Available data START

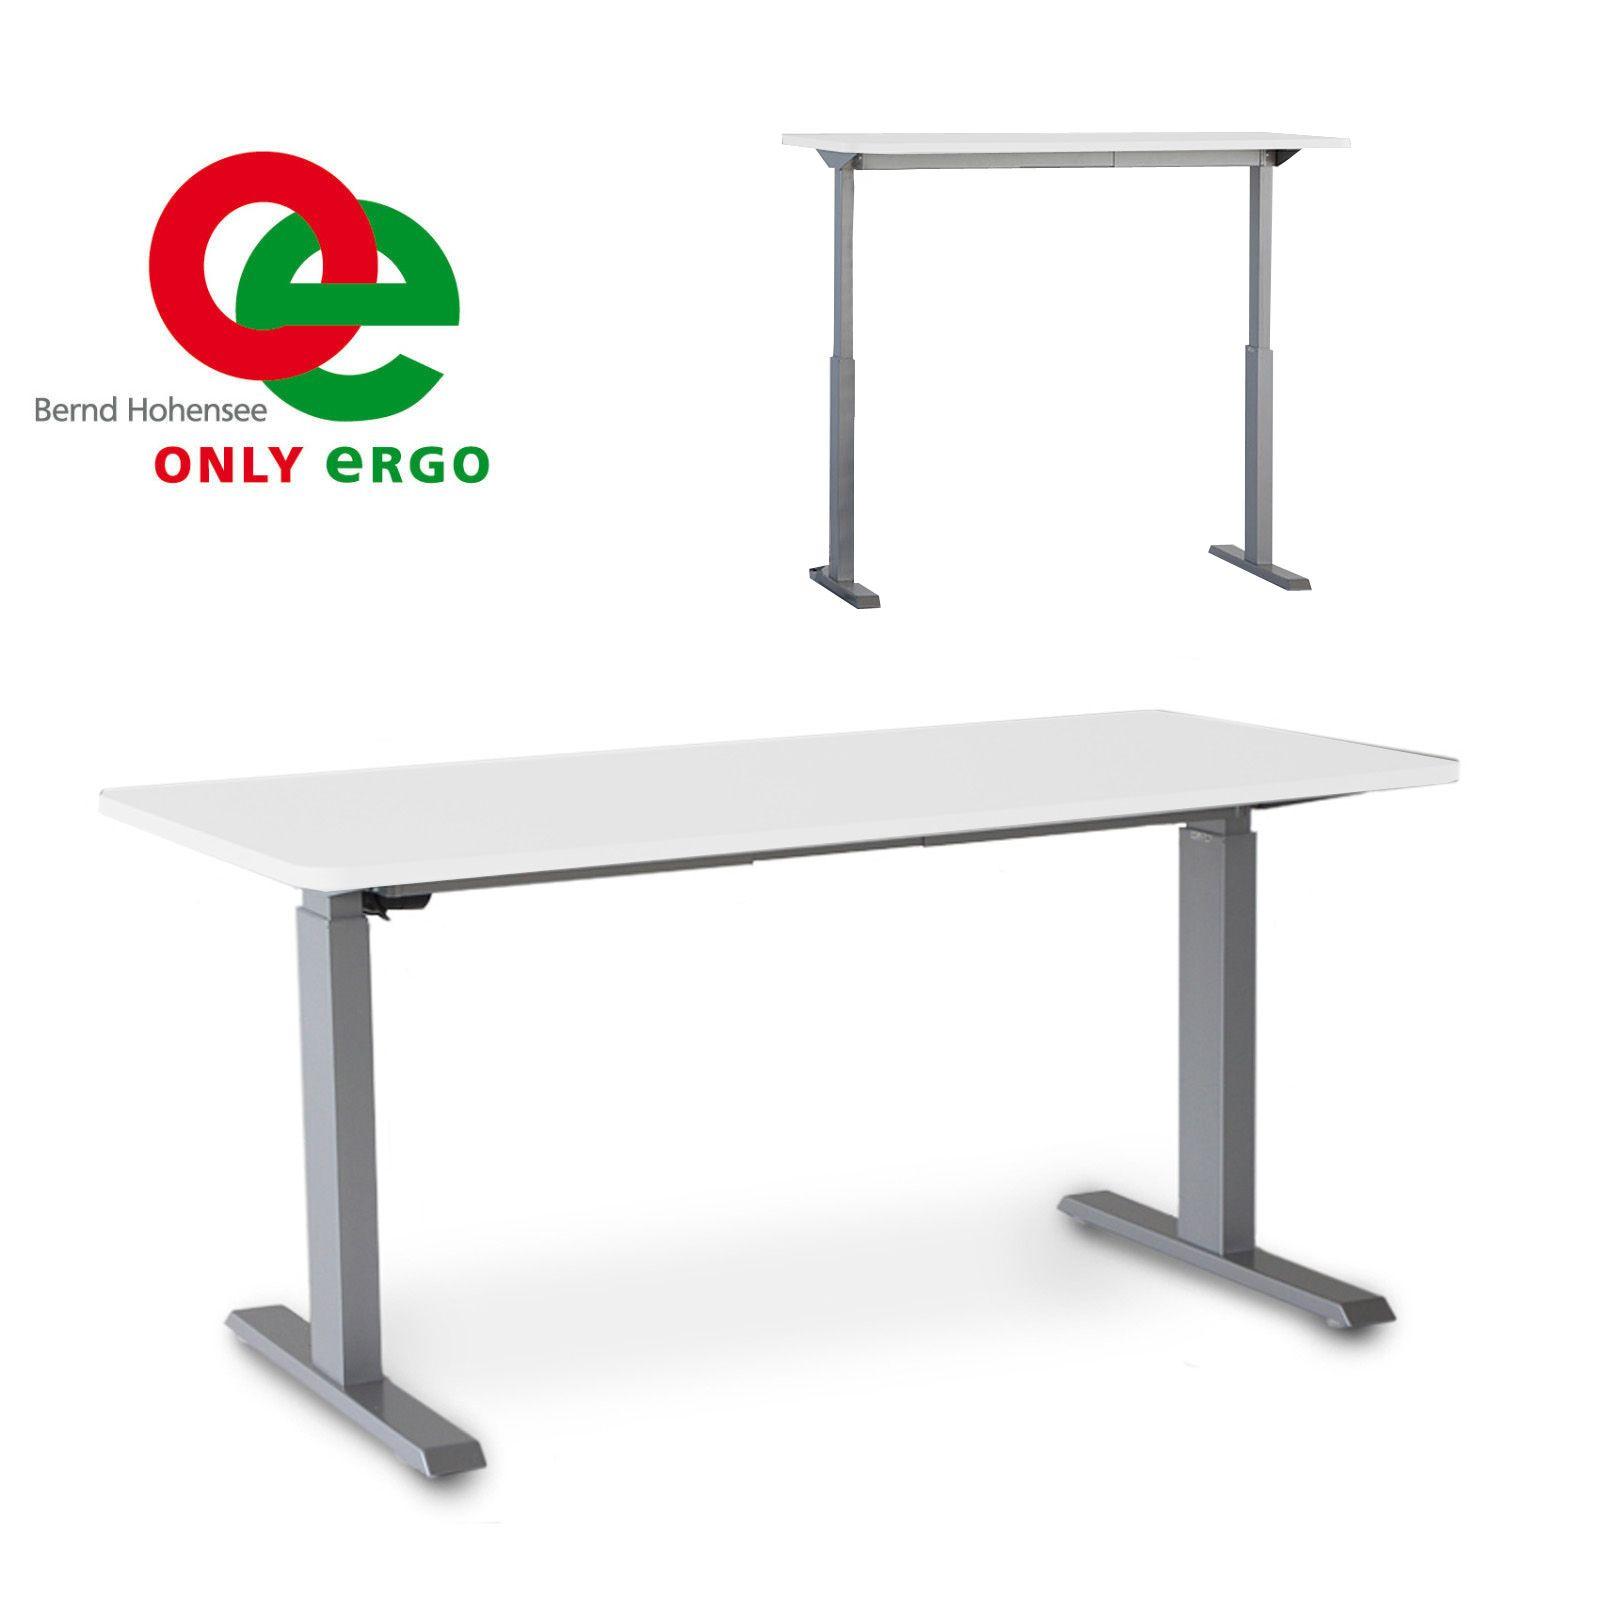 hochwertiges steh sitz gestell einstufiger h henverstellbarer schreibtisch mit soft start and. Black Bedroom Furniture Sets. Home Design Ideas
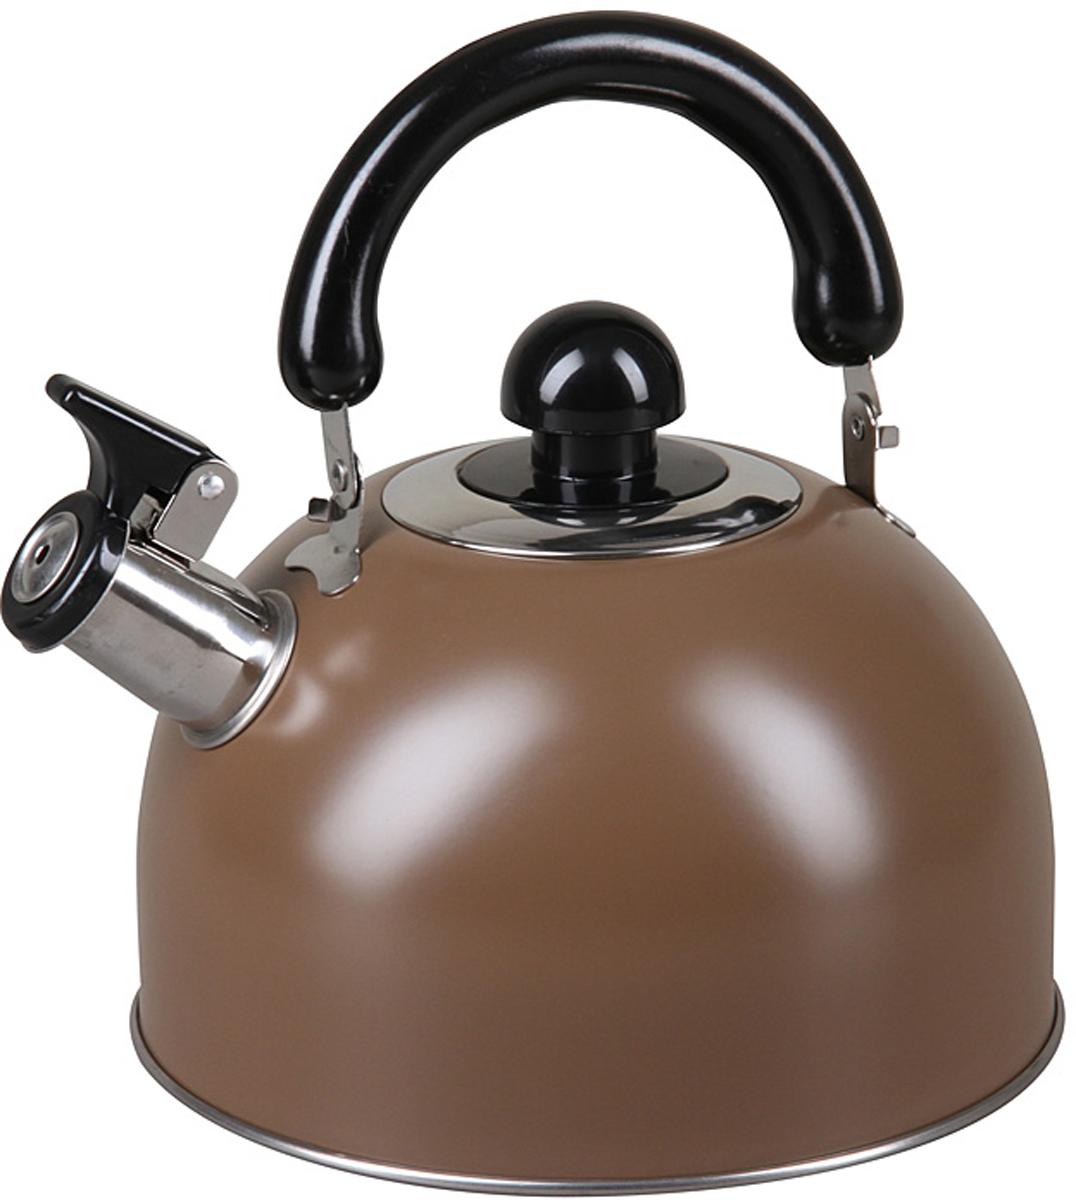 Чайник Pomi d'Oro со свистком Объем: 3,5 л, полезный объем 3,0 лОсобенности Удобная не нагревающаяся бакелитовая ручка Матовая полировка Высококачественная нержавеющая сталь Удобное открытие крышки носика Свистит при закипании воды Пригоден для мытья в посудомоечной машине
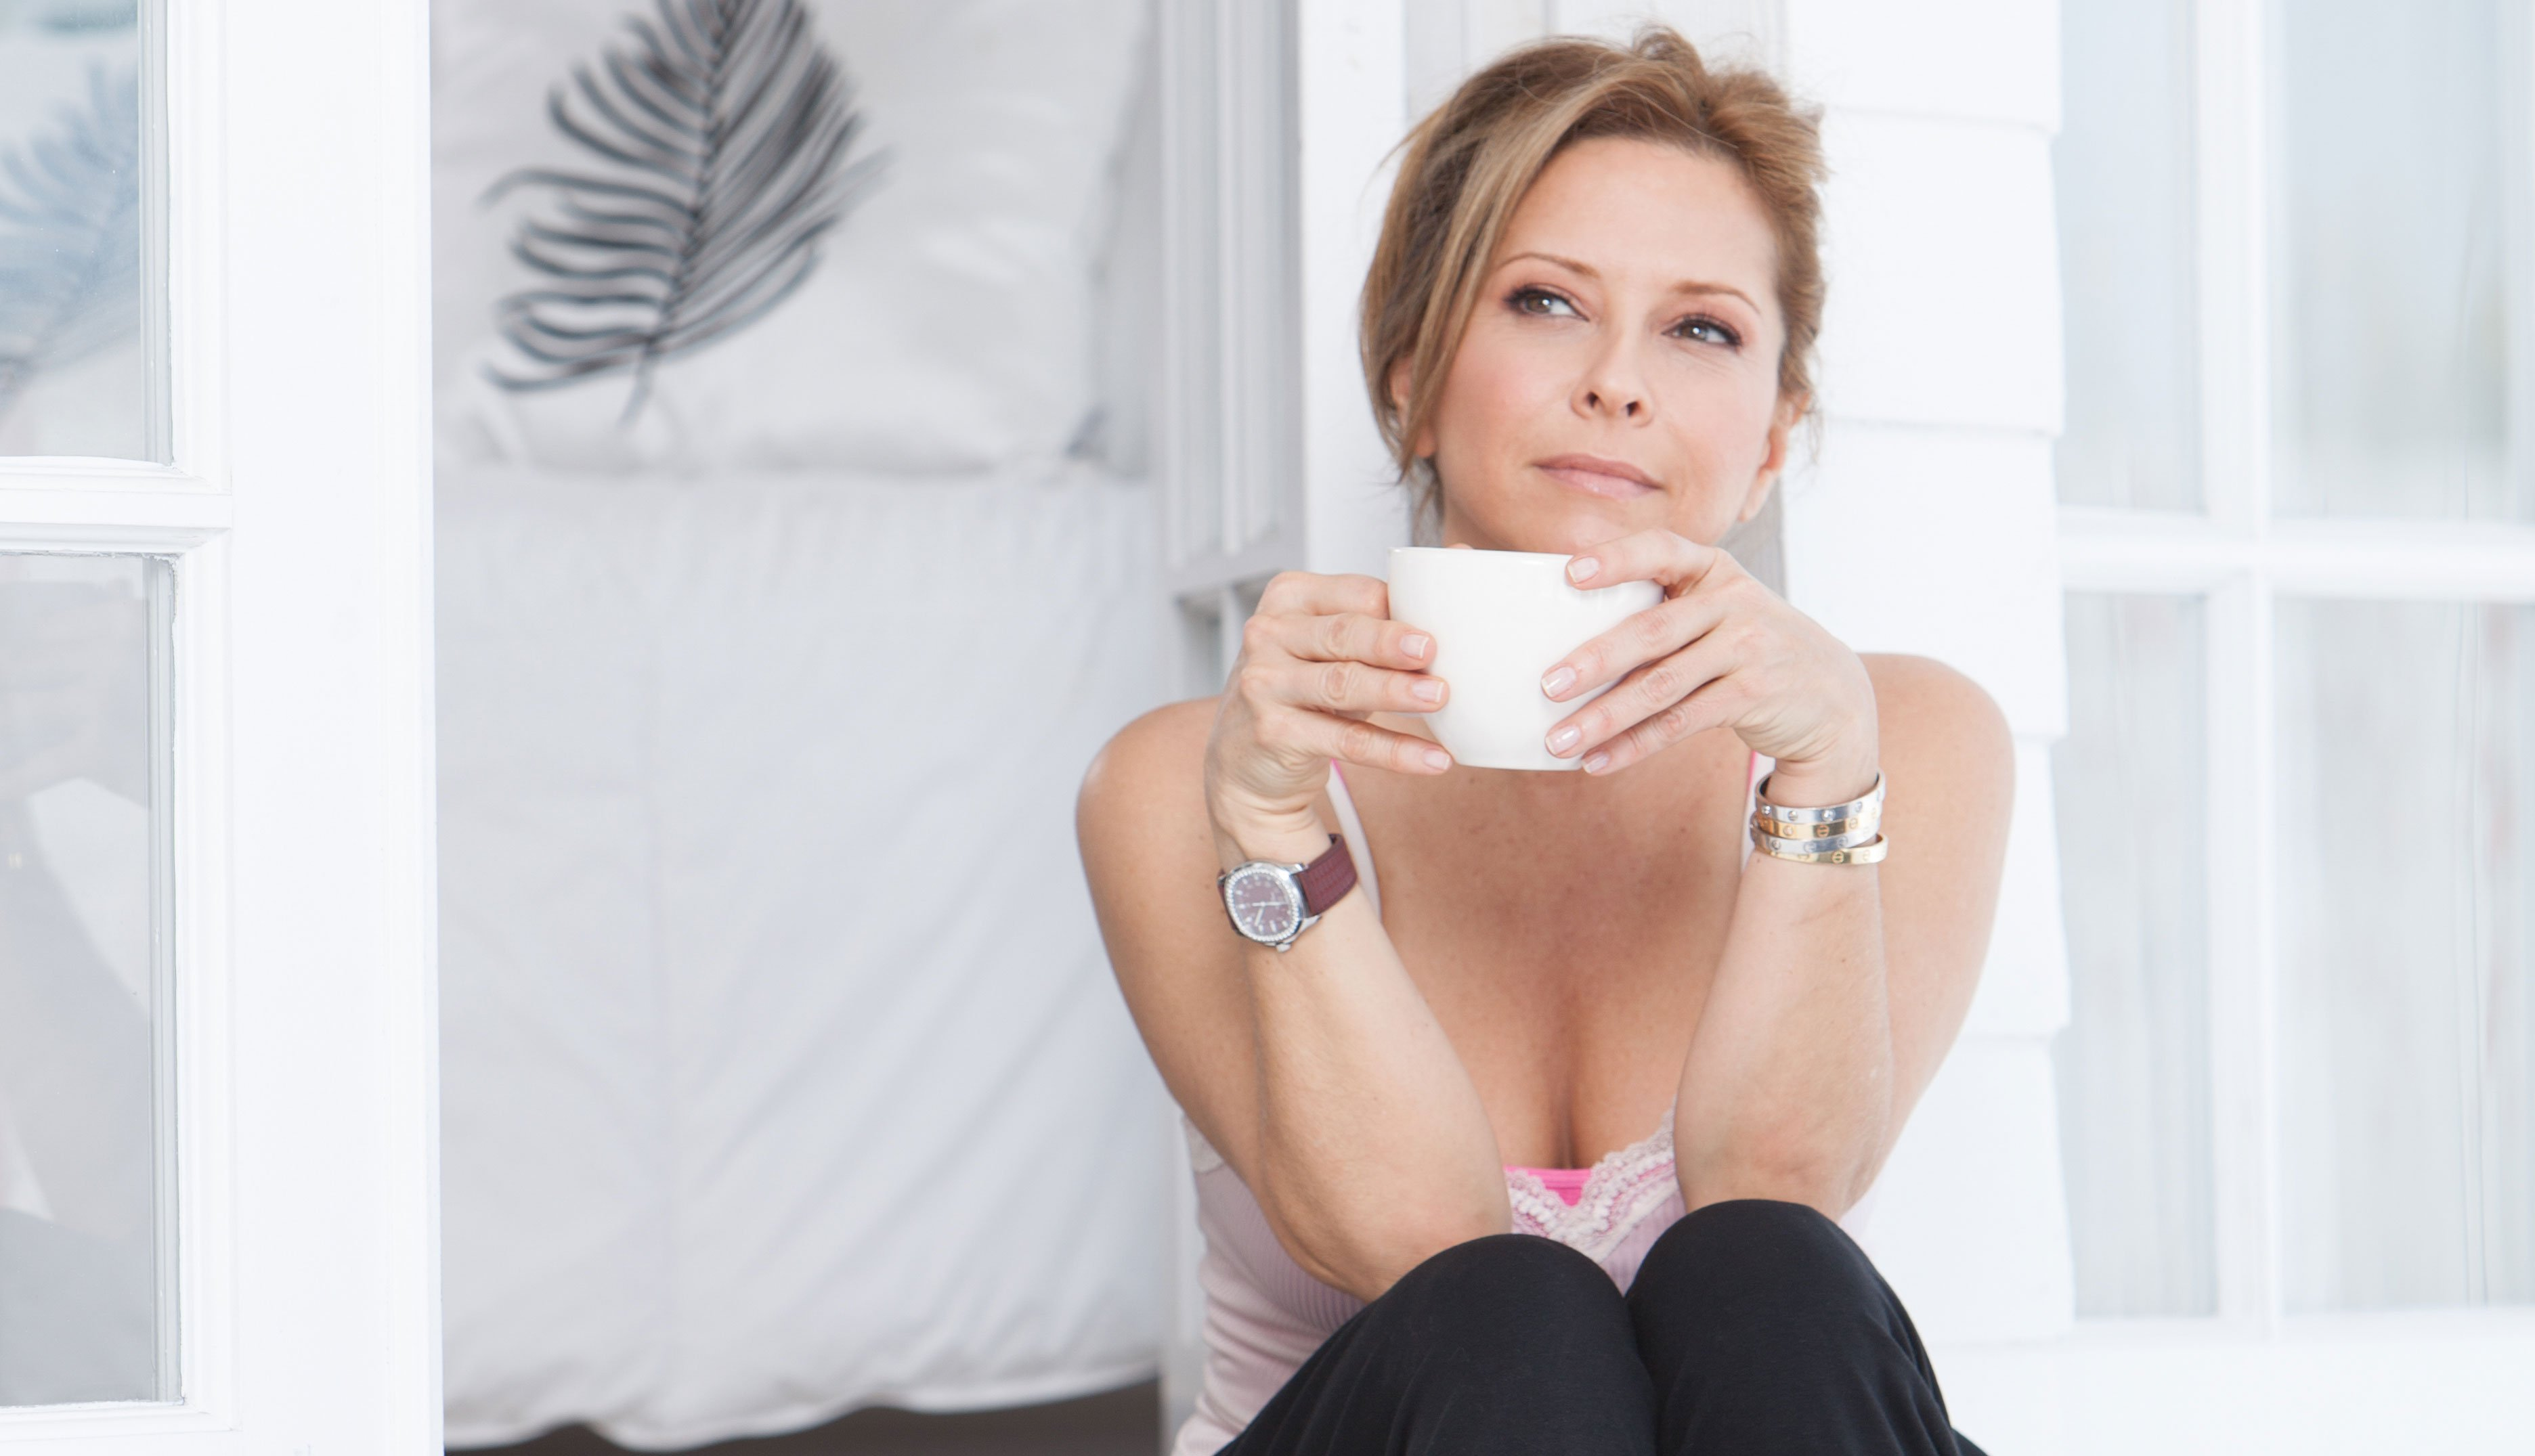 Ingrid Hoffmann tomando una taza de café

Available data END

#### [Assigned task]
Would you copy out the data exactly, leaving every picture out?

#### [Exercise response]
 hochwertiges steh sitz gestell einstufiger h henverstellbarer schreibtisch mit soft start and. Black Bedroom Furniture Sets. Home Design Ideas
 Чайник Pomi d'Oro со свистком Объем: 3,5 л, полезный объем 3,0 лОсобенности Удобная не нагревающаяся бакелитовая ручка Матовая полировка Высококачественная нержавеющая сталь Удобное открытие крышки носика Свистит при закипании воды Пригоден для мытья в посудомоечной машине
 Ingrid Hoffmann tomando una taza de café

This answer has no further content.